U of T researchers conduct most comprehensive airborne mercury testing in GTA

Photo of air sampler
Air samplers like these were deployed in nearly 200 locations around the GTA with the help of faculty, staff and students at U of T Scarborough (photo by Don Campbell)

University of Toronto researchers say they have conducted the most comprehensive monitoring of airborne mercury ever in the GTA, finding that although mercury concentrations continue to be low, emission levels officially reported to the government are often inaccurate.

The project, conducted by a team of researchers in U of T Scarborough’s department of physical and environmental sciences, deployed nearly 200 air samplers across the GTA with the help of dozens of faculty, staff and students. Researchers said they believe it was the largest monitoring project on airborne mercury in the world. 

“In terms of acute exposure levels, there’s nothing we should be concerned about whatsoever,” said Carl Mitchell, an associate professor who is one of the authors of the study. Professor Frank Wania and David McLagan, who received his PhD from U of T this year, were also involved in the project.

In comparing their results to data gathered over the past decade, the team found that airborne mercury concentrations in the GTA appear to have gone down. Mitchell said this is at least partly attributable to Ontario moving away from coal-fired electricity generation in recent years.

The researchers also put the samplers across the GTA near known mercury emission sources identified by Canada’s National Pollutant Release Inventory (NPRI), the public inventory of pollutant releases from waste disposal and recycling facilities. The concentrations they measured did not match well with emissions that are being officially reported to the NPRI.

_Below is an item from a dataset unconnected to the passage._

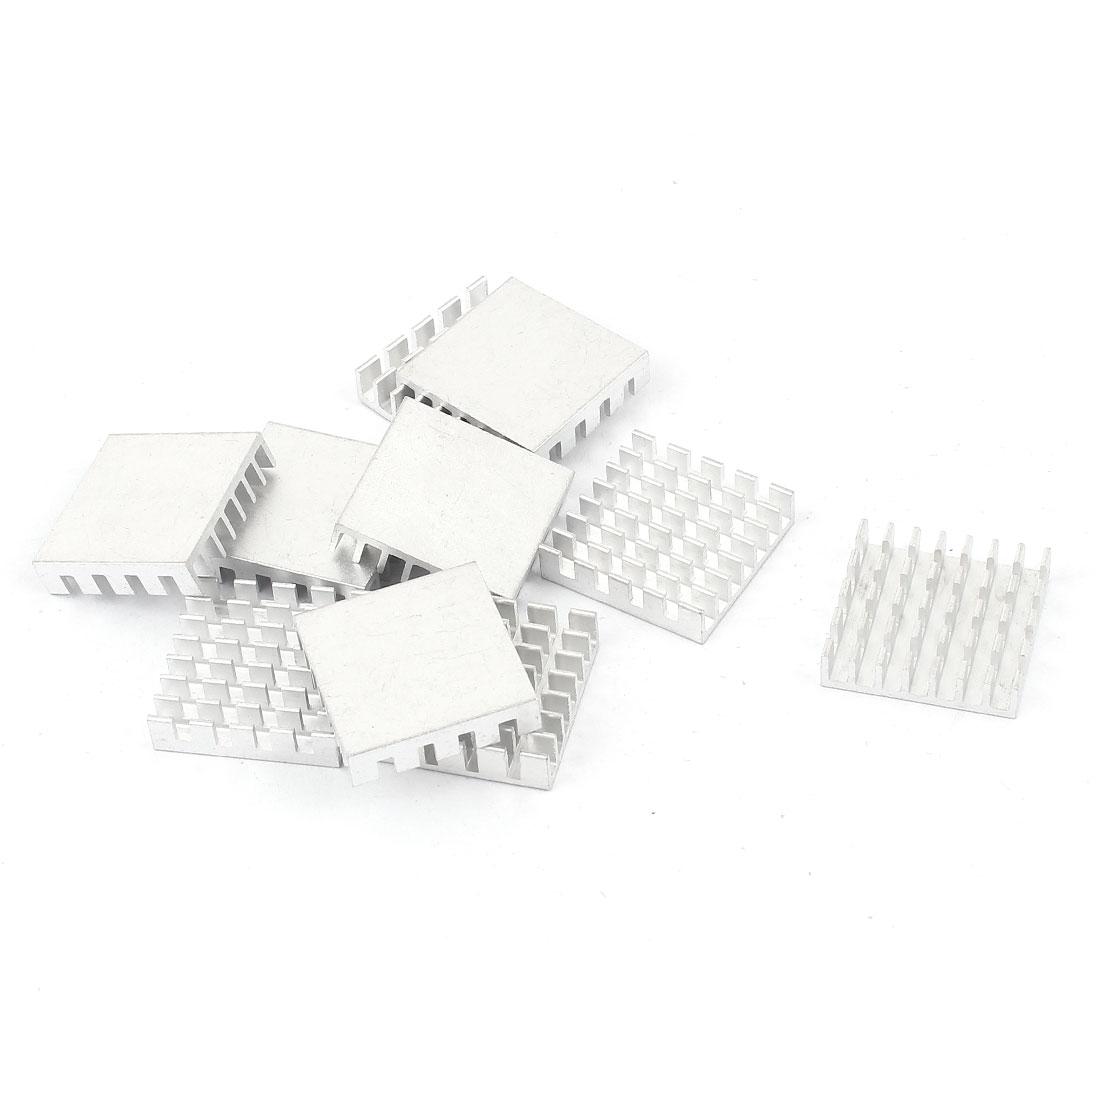 10 Pcs Square Aluminum Heatsink Radiator Heat Sink Cooling Cooler Fin 22mmx22mmx6mm Silver Tone
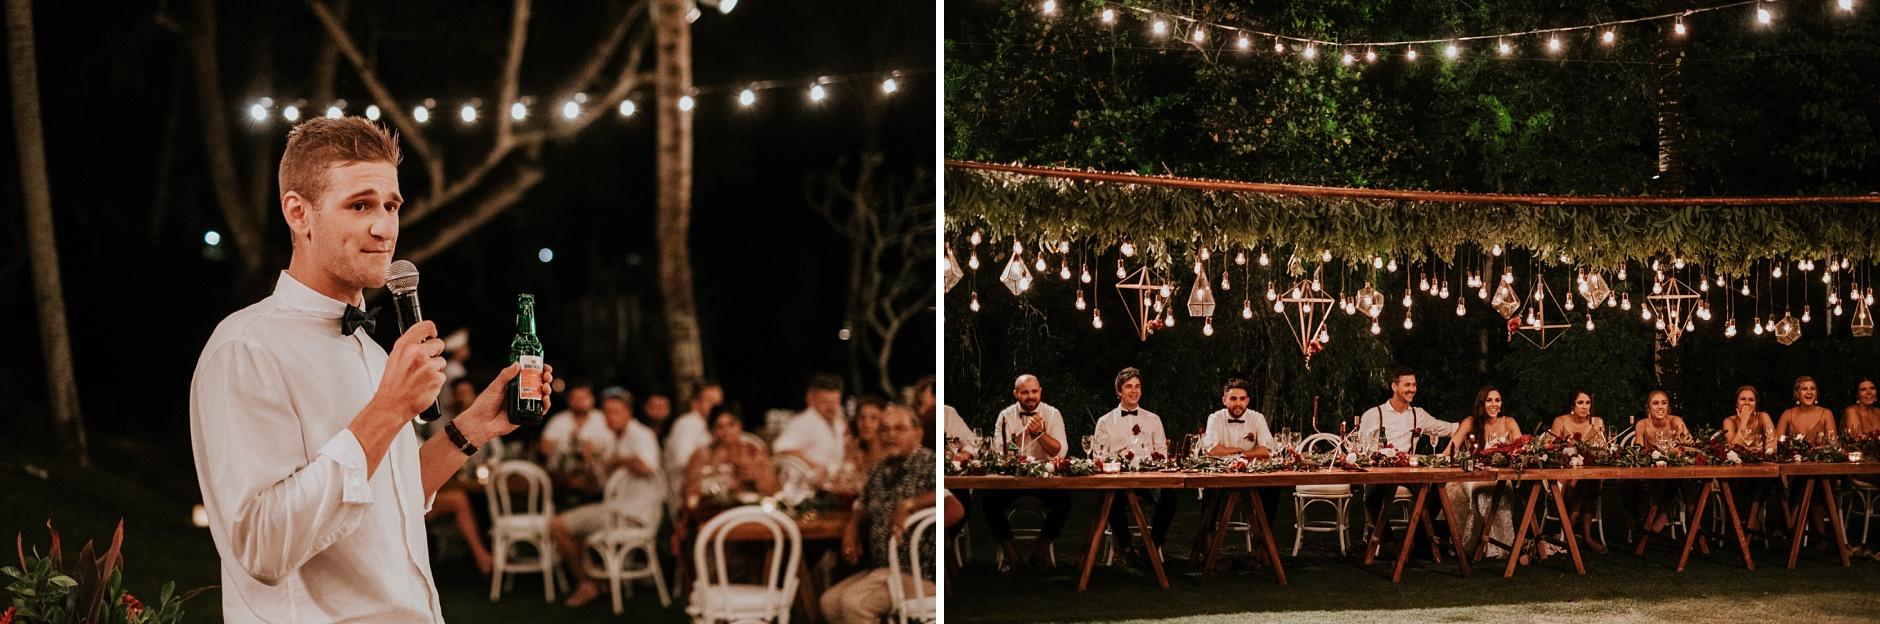 breanna&dan0635a_Bali-Wedding-Photographer.jpg

For example, a hazardous waste facility operated by Aevitas in Ayr, just outside of Cambridge, ranks low on the NPRI list but was found to have concentrations 10 times higher than the average found at other sites – but still well below chronic exposure levels. Meanwhile, waste water treatment plants that rank high on the NPRI list were found to have much lower concentrations, suggesting emissions at these facilities are being overestimated.

“It indicates these emissions are not very accurately accounted for, and this has implications for our commitment to the Minamata agreement,” Mitchell said, referring to the 2013 international treaty designed to reduce mercury emissions.

Mitchell, an expert on contaminant cycling in the environment, said the federal government "hasn’t been doing a great job when it comes to accurately monitoring mercury emissions.”

The study also found that gaseous mercury levels were slightly higher in downtown Toronto than in other parts of the GTA, likely due to the concentration of medical facilities downtown.

The extensive monitoring project was made possible through an inexpensive air sampler that was developed at U of T Scarborough. The passive sampler does not rely on electricity and instead works by using the natural movements of air and a carbon material to capture airborne mercury, meaning they were able to deploy many.

Despite low mercury levels, the passive air sampler is so precise that it’s able to determine extremely small differences in concentrations, said Mitchell. As a result, they were able to see tiny increases in concentration levels near waste facilities, crematoria and medical and dental buildings that handle or dispose mercury in various forms. 

“These types of mapping exercises can be used to find so-called fugitive emission sources that are really difficult to find and measure otherwise,” he said.

Mitchell said monitoring mercury is important because it’s a highly toxic pollutant. Mercury released by human activity can be transported in the air across great distances and can eventually be transformed in the environment to methylmercury, the most alarming form from a human health perspective. In humans, it can cause damage to the neurological, immune, cardiovascular and respiratory systems, among others. Fetuses and children are particularly vulnerable because it can hinder the neurological development of the brain.

But, Mitchell added, it’s also important to accurately measure whether mercury reduction targets, like those set in the Minamata agreement, are being met.

The research, which is published in the journal Environmental Research Letters, received funding from the Natural Sciences and Engineering Research Council of Canada (NSERC) and an NSERC Alexander Graham Bell Canada Graduate Scholarship.